[The records Boundary: Start]

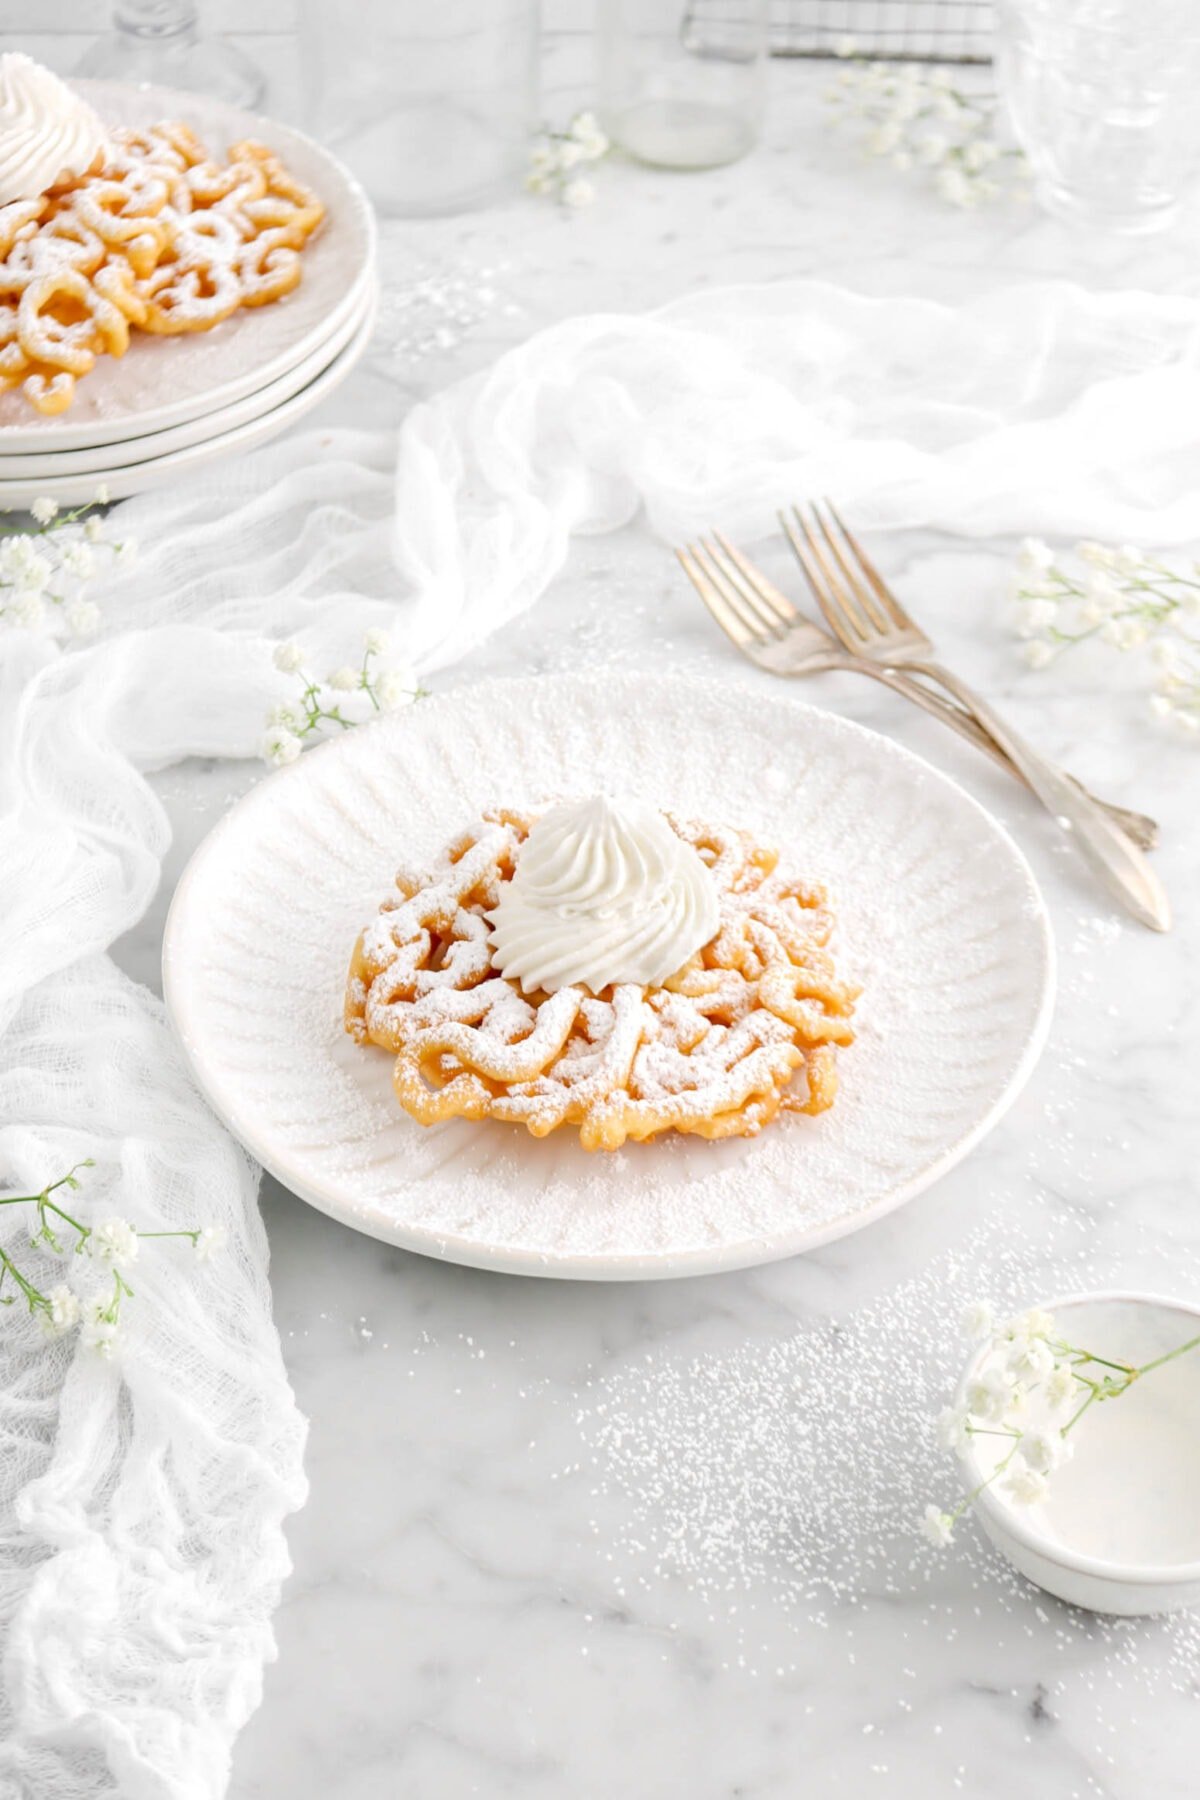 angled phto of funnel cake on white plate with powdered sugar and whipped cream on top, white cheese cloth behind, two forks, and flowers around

[The records Boundary: End]
[The records Boundary: Start]

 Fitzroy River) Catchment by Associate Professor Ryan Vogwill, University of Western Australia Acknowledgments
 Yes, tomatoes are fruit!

[The records Boundary: End]
[The records Boundary: Start]

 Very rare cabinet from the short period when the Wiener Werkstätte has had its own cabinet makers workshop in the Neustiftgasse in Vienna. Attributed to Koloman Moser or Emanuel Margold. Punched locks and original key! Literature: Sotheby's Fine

[The records Boundary: End]

Task item: Starting with the line above that holds "Fitzroy River) Catchment" and stopping with the line that holds "Yes, tomatoes are fruit!", reproduce each line exactly, omitting all other lines.

Worked solution:
 Fitzroy River) Catchment by Associate Professor Ryan Vogwill, University of Western Australia Acknowledgments
 Yes, tomatoes are fruit!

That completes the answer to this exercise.